One dawn she knew by Roy’s breathing that he was awake. Every muscle was taut as he pulled away, as if to touch her was defilement. No use saying what they had been like not long before, because he could not remember. She was a disgusting object because of a cracked ankle, because she had drunk too much and been sick behind a chapel, and because she had led an expedition to look at Jesus. She lay thinking it over until the dawn birds stopped and then she sat up on the edge of the bed, feeling absolutely out of place because she was undressed. She pulled clothes on as fast as she could and packed whatever seemed important. After she had pushed her suitcase out the door, she remembered the wooden bowls and the poster. These she took along the path and threw in the Reeves’ foul incinerator, as if to get rid of all traces of witchery, goodness, and love. She realized she was leaving, a decision as final and as stunning as her having crossed the promenade in Nice with Roy’s hand on her arm.
She said through the white netting over the door, “I’m sorry, Roy.” It was not enough; she added, “I’m sorry I don’t understand you more.” The stillness worried her. She limped near and bent over him. He was holding his breath, like a child in temper. She said softly, “I could stay a bit longer.” No answer. She said, “Of course, my foot will get better, but then you might find something else the matter with me.” Still no answer, except that he began breathing. Nothing was wrong except that he was cruel, lunatic, Fascist — No, not even that. Nothing was wrong except that he did not love her. That was all.
She lugged her suitcase as far as the road and sat down beside it. Overnight a pocket of liquid the size of a lemon had formed near the anklebone. Her father would say it was all her own fault again. Why? Was it Sarah’s fault that she had all this loving capital to invest? What was she supposed to do with it? Even if she always ended up sitting outside a gate somewhere, was she any the worse for it? The only thing wrong now was the pain she felt, not of her ankle but in her stomach. Her stomach felt as if it was filled up with old oyster shells. Yes, a load of old, ugly, used-up shells was what she had for stuffing. She had to take care not to breathe too deeply, because the shells scratched. In her research for Professor Downcast she had learned that one could be alcoholic, crippled, afraid of dying and of being poor, and she knew these things waited for everyone, even Sarah; but nothing had warned her that one day she would not be loved. That was the meaning of “less privileged.” There was no other.

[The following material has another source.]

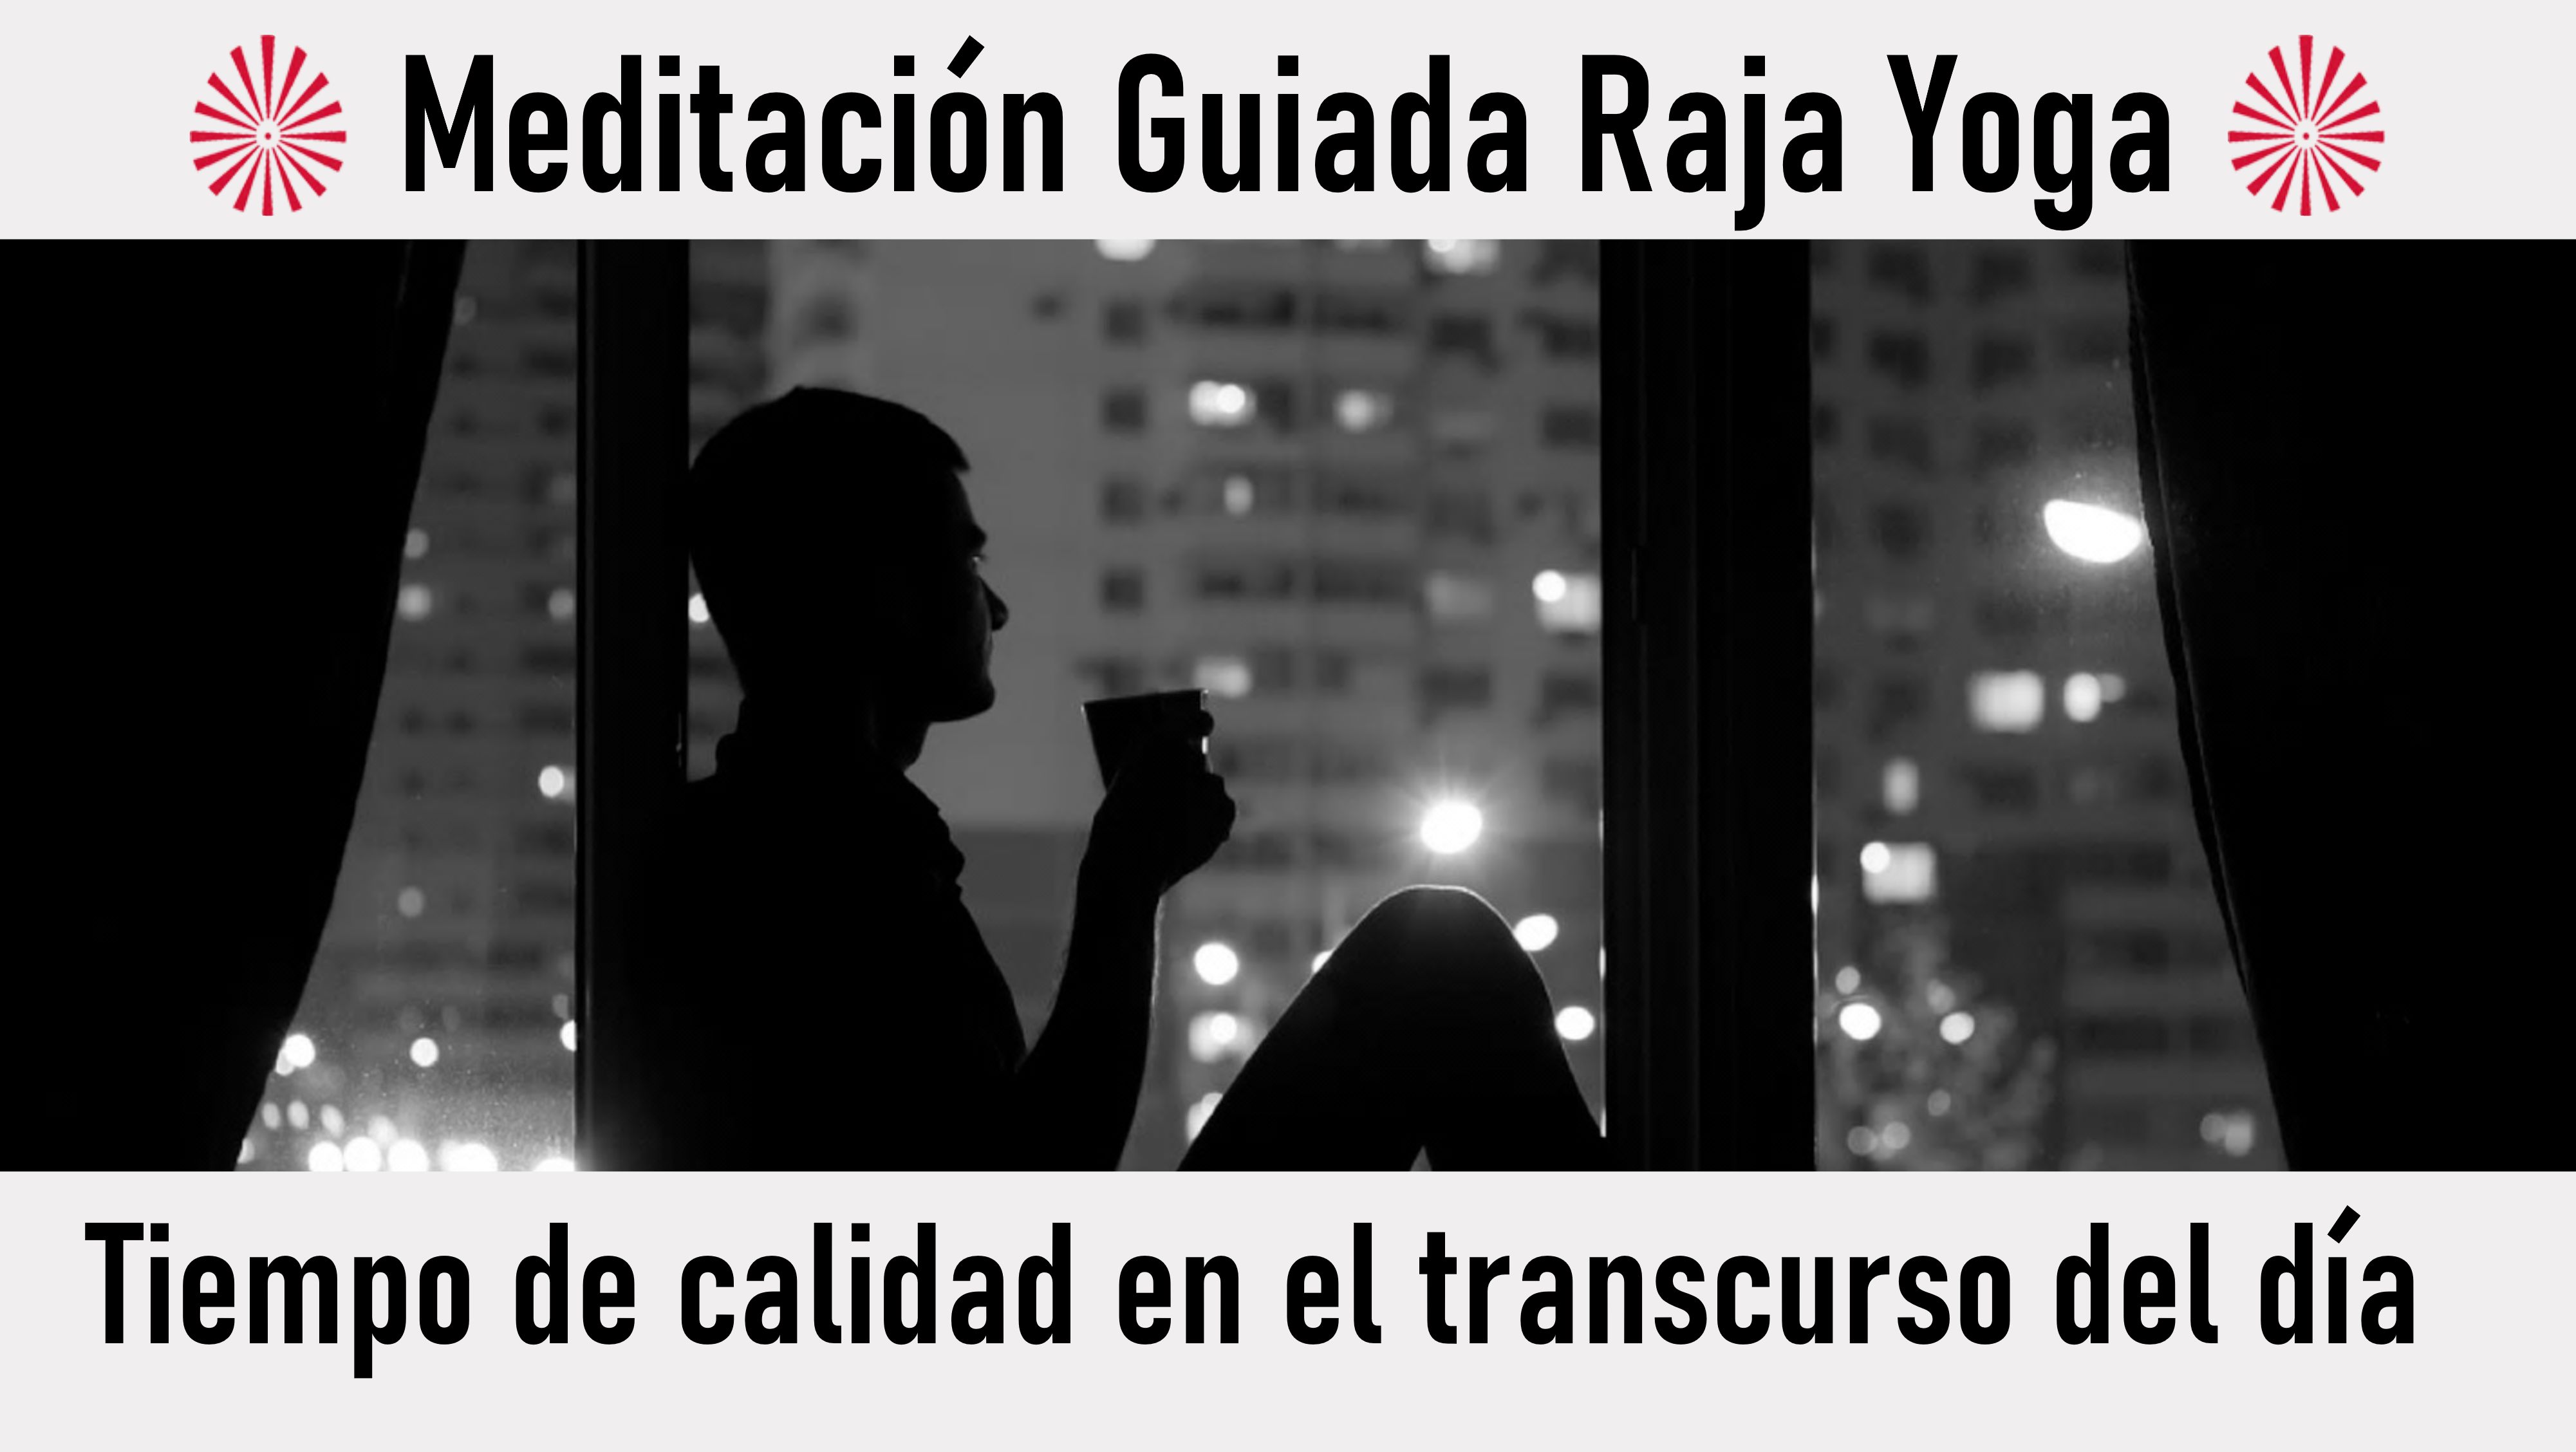 Meditación Raja Yoga: Tiempo de calidad en el transcurso del día (30 Julio 2020) On-line desde Barcelona

Now that she had vanished, Roy would probably get up, and shave, and stroll across to the Reeves, and share a good old fry-up. Then, his assurance regained, he would start prowling the bars and beaches, wearing worn immaculate whites, looking for a new, unblemished story. He would repeat the first soft words, “Don’t be frightened,” the charm, the gestures, the rituals, and the warning “It won’t always be lovely.” She saw him out in the open, in her remembered primrose light, before he was trapped in the tunnel again and had to play at death. “Roy’s new pickup,” the Reeves would bawl at each other. “I said, Roy’s new one … he hardly knows how to get rid of her.”
At that, Sarah opened her mouth and gave a great sobbing cry; only one, but it must have carried, for next thing she heard was the Reeves’ door, and, turning, she saw Tim in a dressing gown, followed by Meg in her parachute of a robe. Sarah stood up to face them. The sun was on her back. She clutched the iron bars of the gate because she had to stand like a stork again. From their side of it, Tim looked down at her suitcase. He said, “Do you want — are you waiting to be driven somewhere?”